Это был прекрасный револьвер. Я взял его и почувствовал, как он удобен в обращении, а когда убрал его в кобуру, то мне показалось, что она была сшита специально для него.
— Прекрасное оружие, — заметил я. — И похоже, что его уже использовали. Это ваш револьвер?
— Нет, это револьвер моего брата. Он был очень хорошим человеком. В то утро, когда его убили, он оставил этот револьвер дома, а у него был только тот, который он нес в починку.
— А как его убили?
— Когда-то давно он поссорился с одним человеком. В то утро они встретились, и тот человек убил моего брата. Мы похоронили его два года назад на кладбище города Тин-Кап.
— Я вам глубоко сочувствую.
— Брат знал, что этот человек за ним охотится. Поэтому-то он и купил себе этот револьвер и время от времени стрелял из него. Он очень любил его, но в то утро пообещал племяннику починить его револьвер, а свой оставил дома. Никто не предполагал, что Хеселтайн находится в нашем городе.
— Хеселтайн?!
— Да, это Боб Хеселтайн убил моего брата. Если бы Боб не застал моего брата врасплох, брат убил бы этого негодяя, поскольку он был очень хорошим стрелком. Но он просто не успел выхватить оружие. Так что, самим Богом предназначено, чтобы из этого револьвера был убит Боб Хеселтайн.
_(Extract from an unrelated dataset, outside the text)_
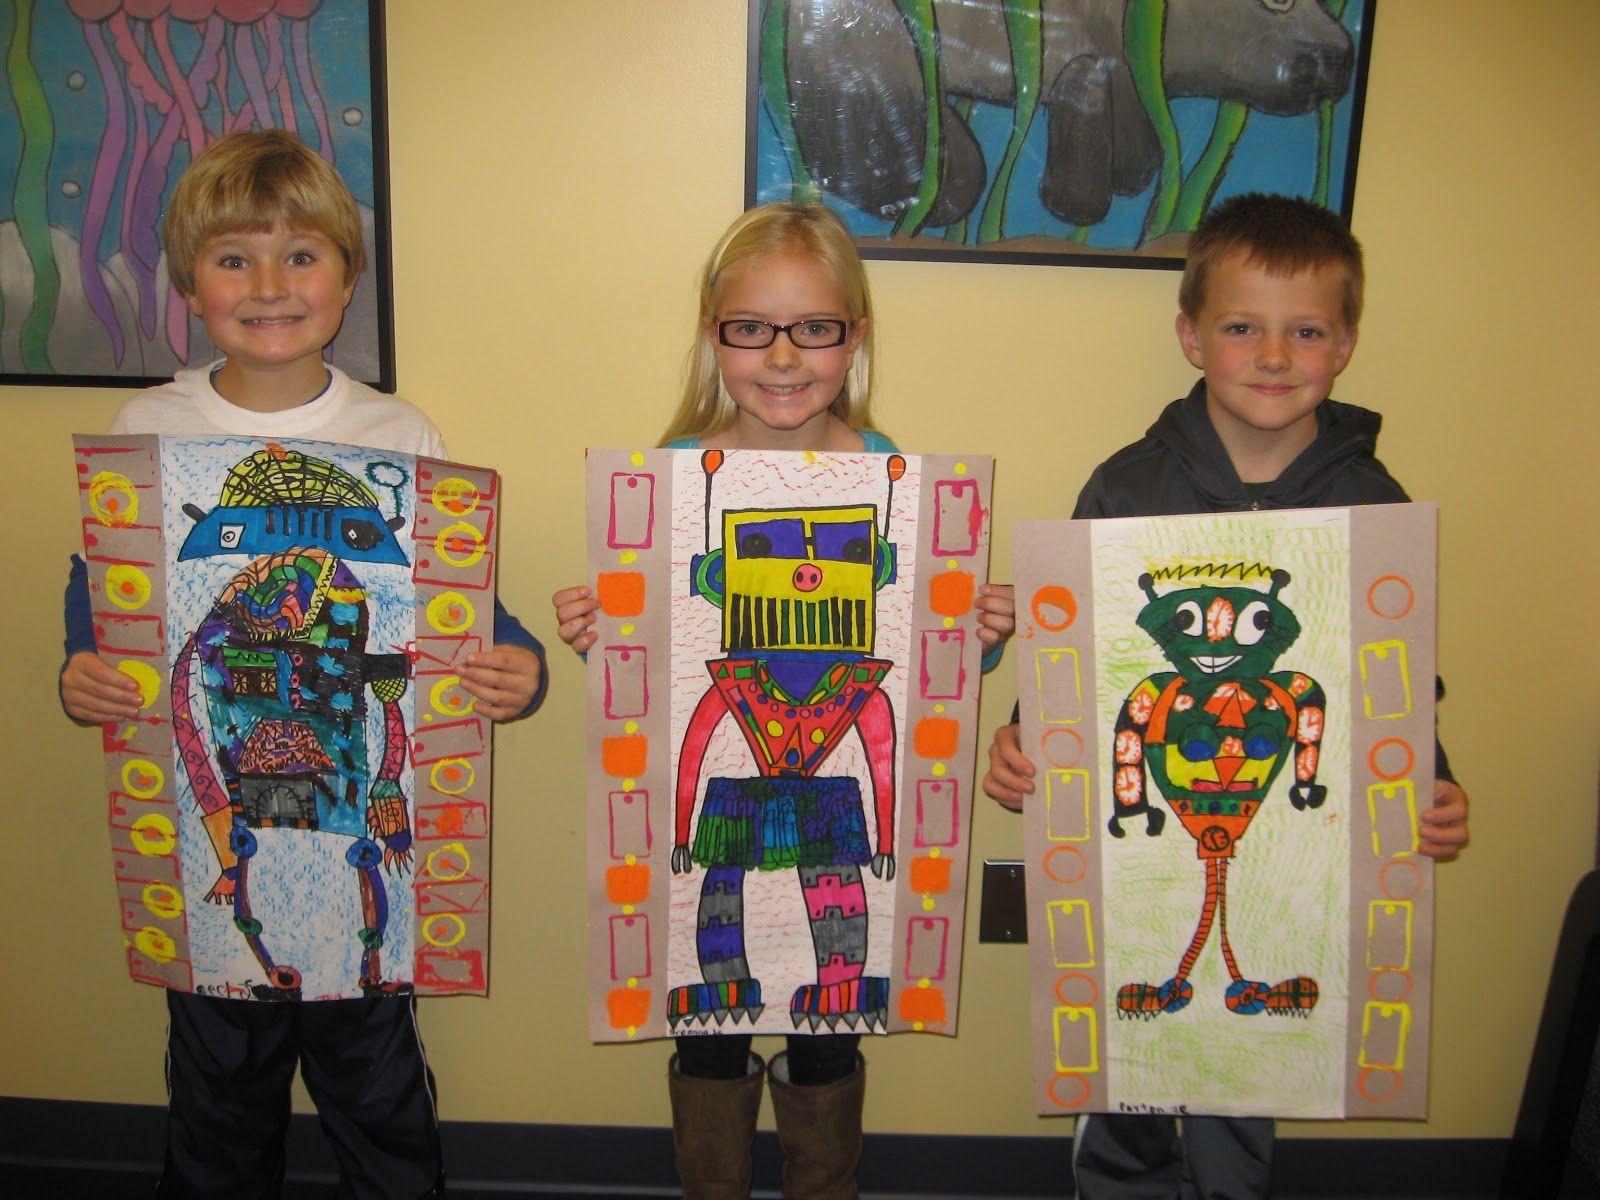 Davinci Inspired Robot Art By 2nd Graders
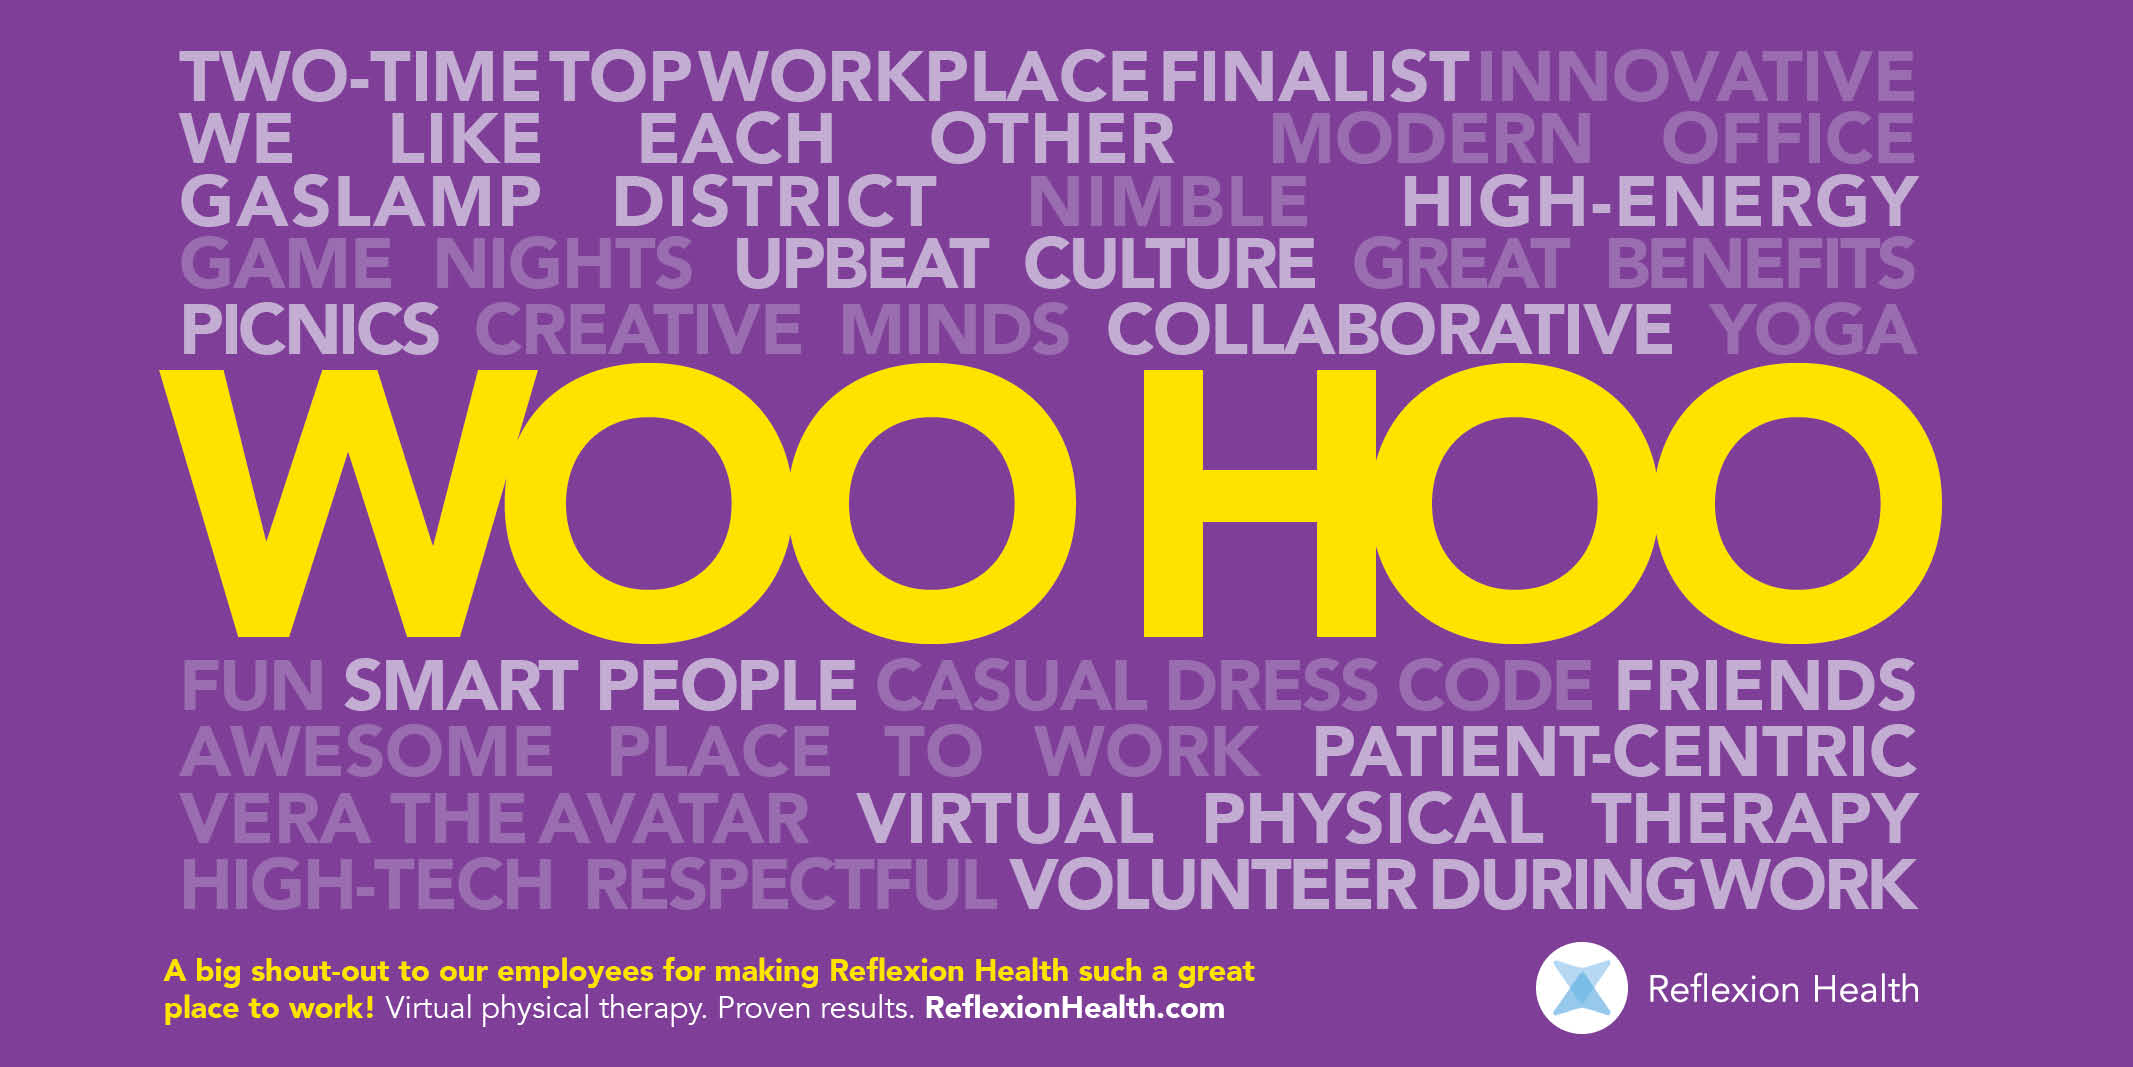 san-diego-top-workplace-2018

Я вытащил револьвер и внимательно на него посмотрел. Он был похож на все другие кольты, и все-таки в нем было что-то особенное — когда я держал его, мне казалось, что он сливается с рукой в единое целое. Кто знает, может, это и вправду необычный револьвер.
Некоторые револьверы сразу очень удобно ложатся в руку, к другим надо привыкать. Как бы то ни было, купив новое оружие, какое-то время приноравливаешься к нему. Лучше всего стрелять из своего оружия, которое знаешь, как свои пять пальцев. Так вот, к этому револьверу мне не надо будет привыкать, мне казалось, что он принадлежит мне уже много лет.
— Спасибо, — снова поблагодарил я продавца и вышел на залитую ярким солнечным светом улицу.
Там, куда попадали солнечные лучи, было тепло, но, ступив на улицу, я сразу почувствовал, какой сегодня пронизывающий ветер. Я ощущал в кобуре тяжесть нового револьвера. Я взял его, чтобы защитить себя, я не хотел убивать Боба Хеселтайна. Выбирая места, где было поменьше грязи, и перешагивая через глубокие колеи, оставленные колесами фургонов, я пересек улицу. На дороге высохли еще не все лужи.
Над горными вершинами клубились тучи. Некоторых вершин совсем не было видно — их заволокло облаками, — но здесь, в Лидвилле, светило солнце. Я осмотрел улицу — теперь я должен быть предельно осторожным. Куда бы я ни пошел, мне всегда нужно помнить о том, что в меня могут выстрелить из-за угла, и о том, что я в любой момент могу столкнуться на улице со своими врагами.
Свое первое сражение я выиграл. Я остался в живых, а Док Сайте лежит теперь на больничной койке.
Однако я не хотел убивать ни Малыша Риса, ни даже Боба Хеселтайна. Я хотел только получить назад свои деньги, а затем уехать куда-нибудь и зажить как человек.
Когда я был уже в двух шагах от отеля «Кларендон», какая-то фигура отделилась от стены и приблизилась ко мне. Это был мужчина, одетый в короткую куртку из овечьей кожи да черную шляпу с рваными полями.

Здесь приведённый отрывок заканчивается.